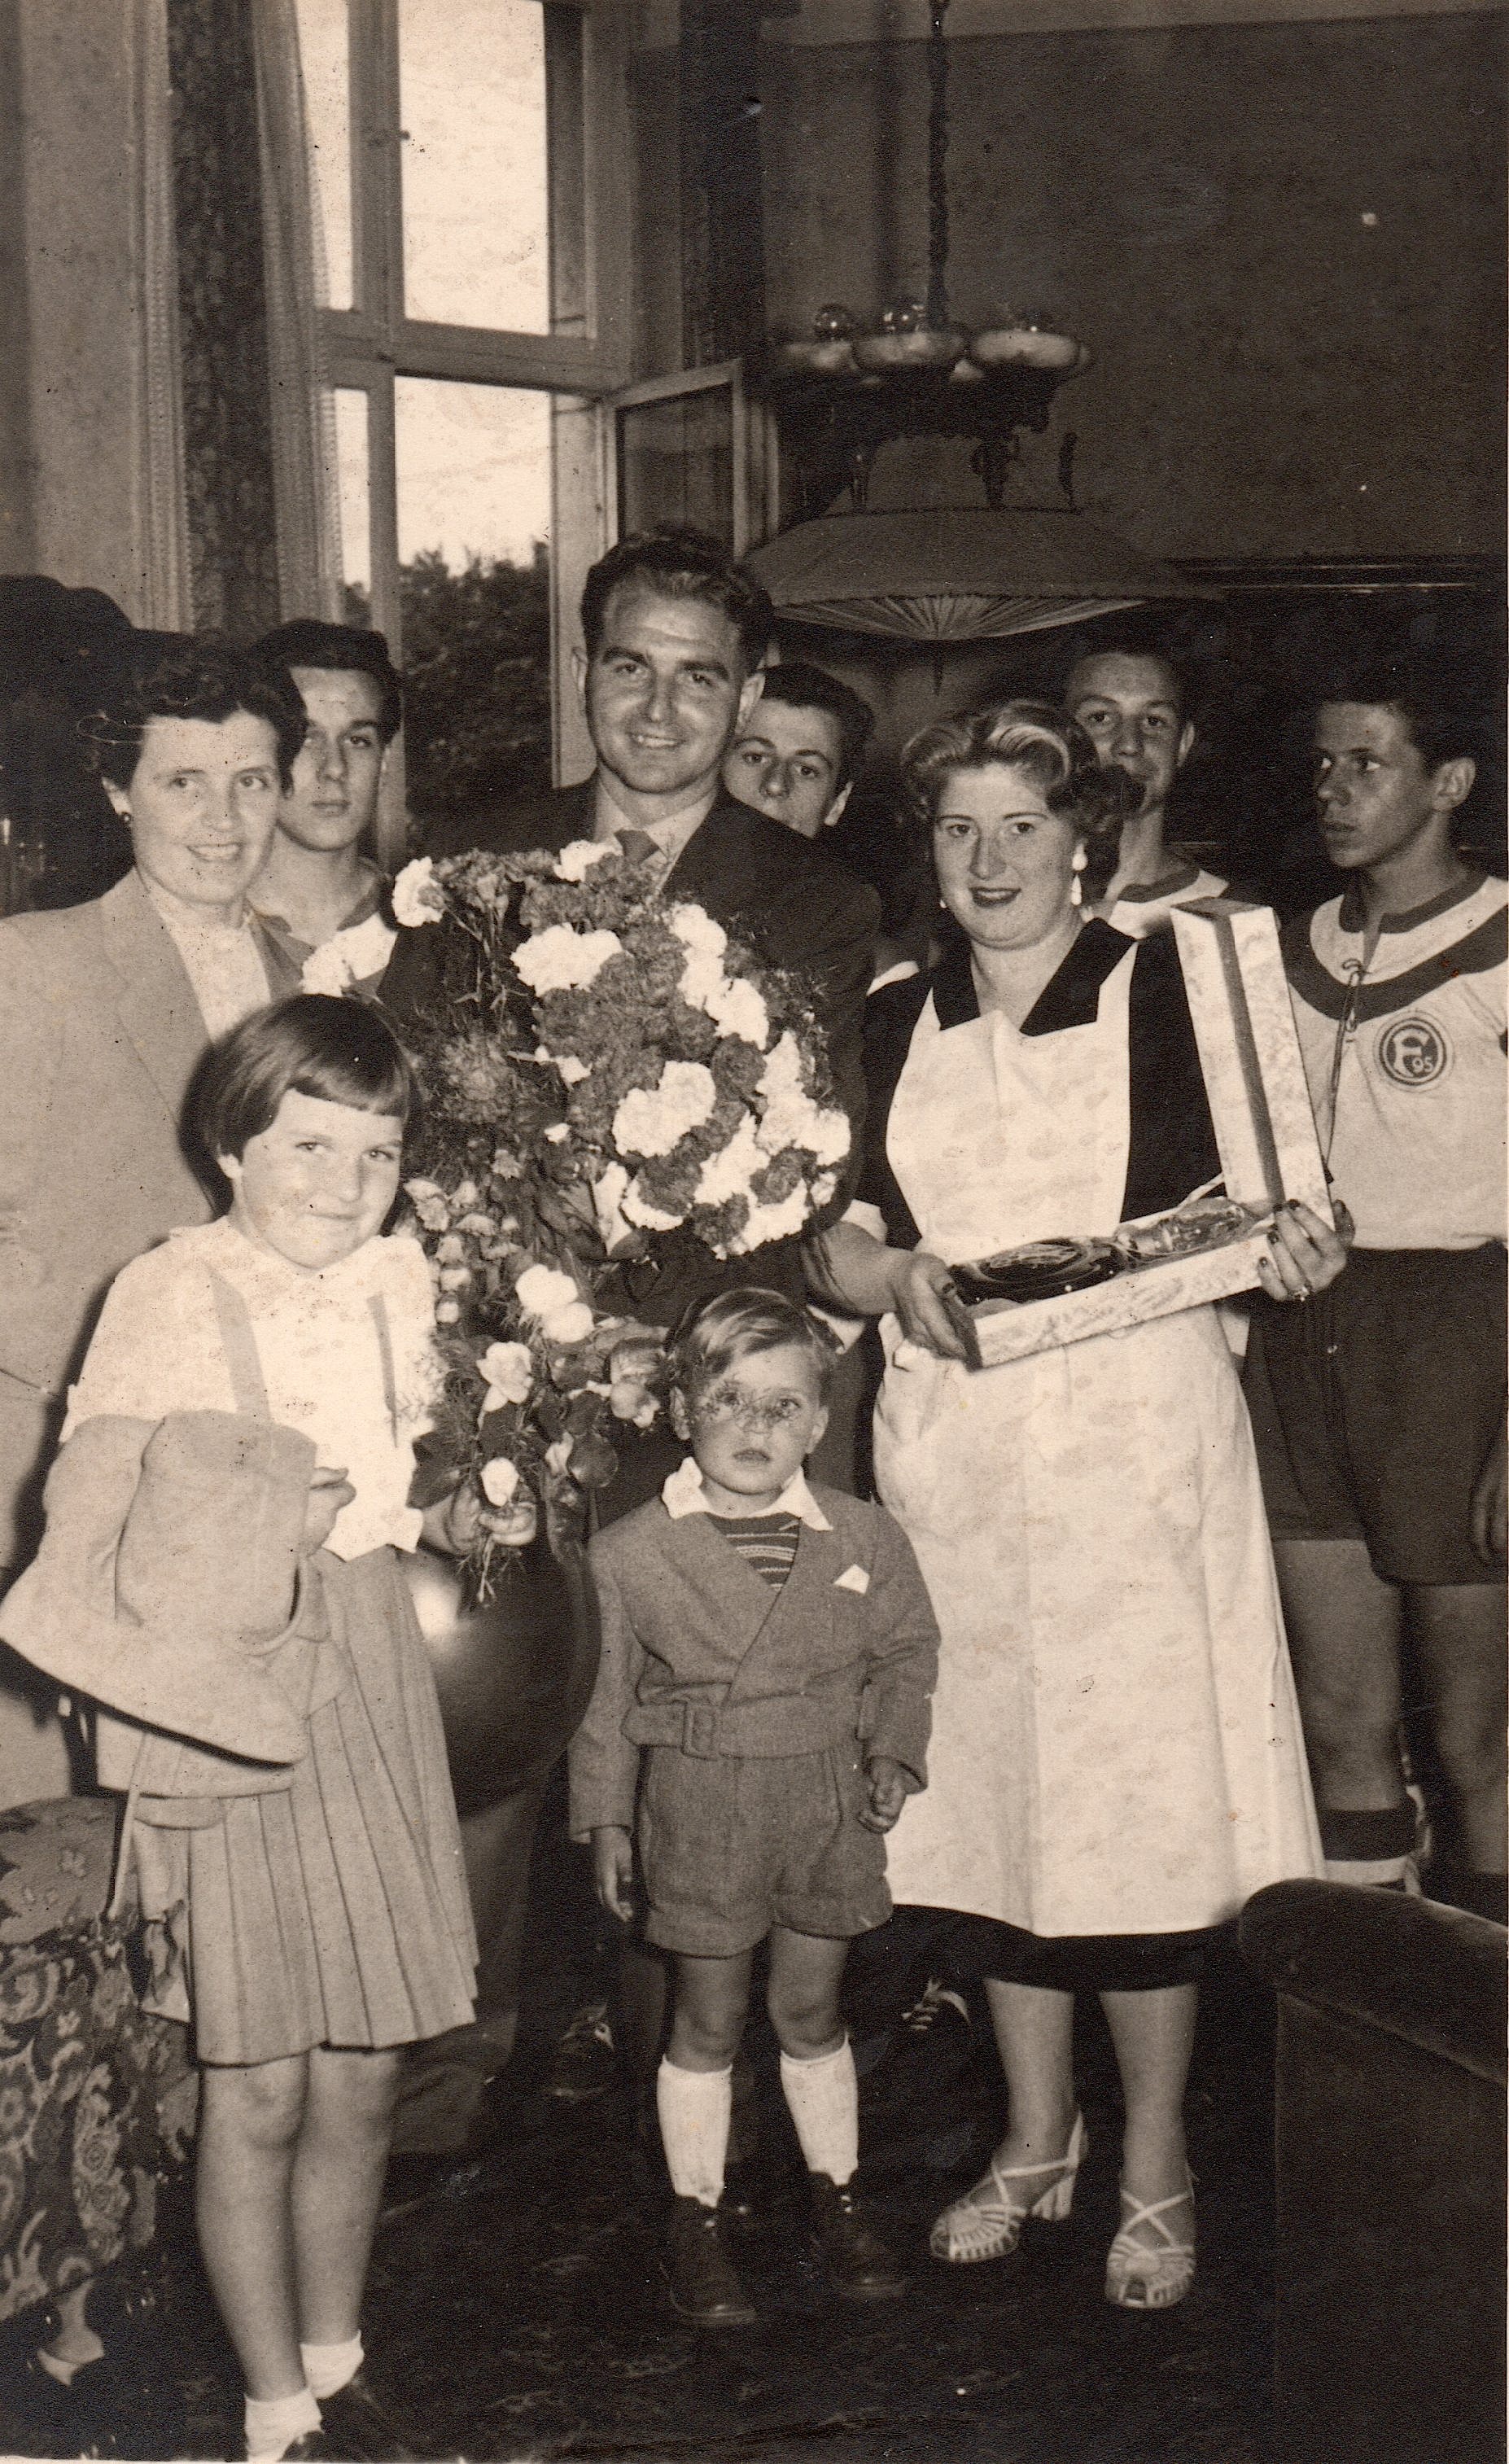 17 – Turek mit seiner Gattin (links) und den beiden Kindern 
(1954 bei der WM-Feier im Hoffelder Hof in Düsseldorf) 

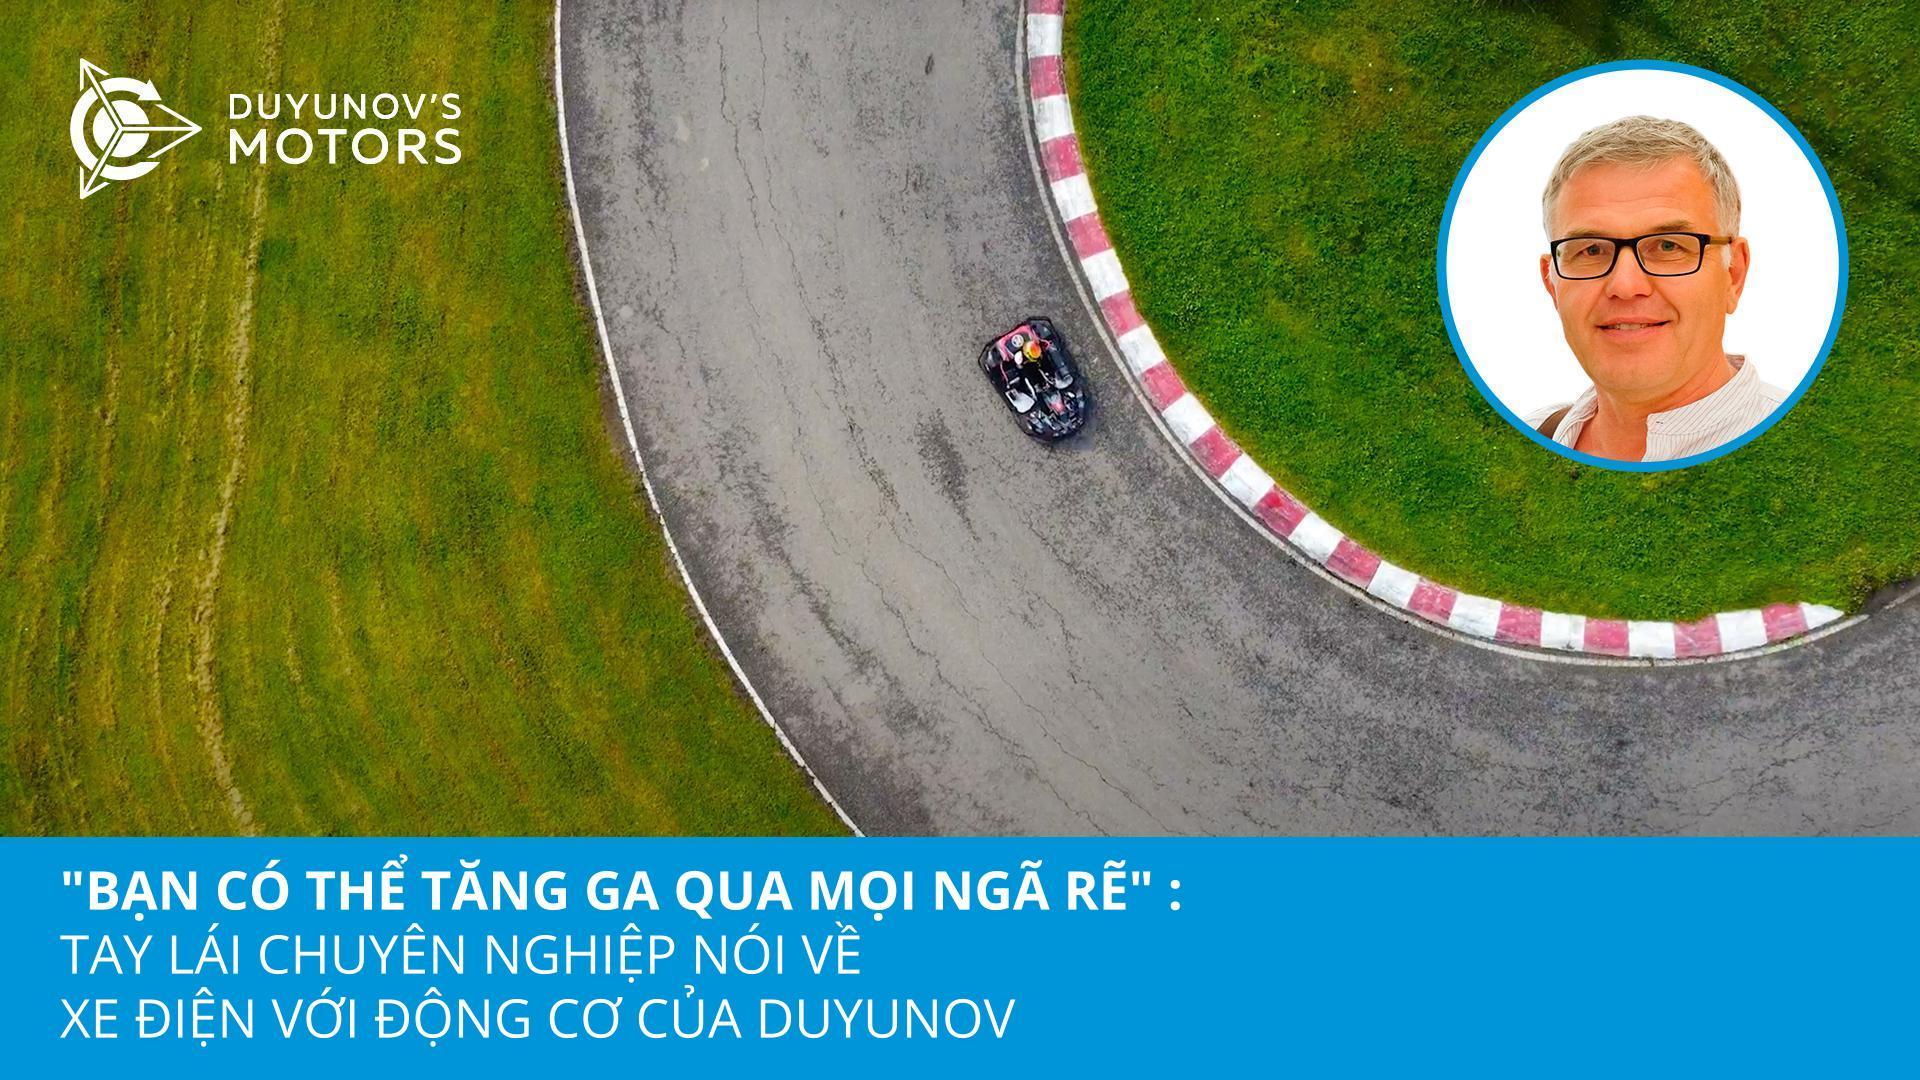 "Bạn có thể tăng ga hết mức ở bất kỳ ngã rẽ nào": tay lái chuyên nghiệp nói về xe kart chạy điện có động cơ của Duyunov

(Instructions for the task): Your response must reproduce the listing above word for word and must contain none of its pictures.

(Exercise solution):
 17 – Turek mit seiner Gattin (links) und den beiden Kindern 
(1954 bei der WM-Feier im Hoffelder Hof in Düsseldorf) 

 "Bạn có thể tăng ga hết mức ở bất kỳ ngã rẽ nào": tay lái chuyên nghiệp nói về xe kart chạy điện có động cơ của Duyunov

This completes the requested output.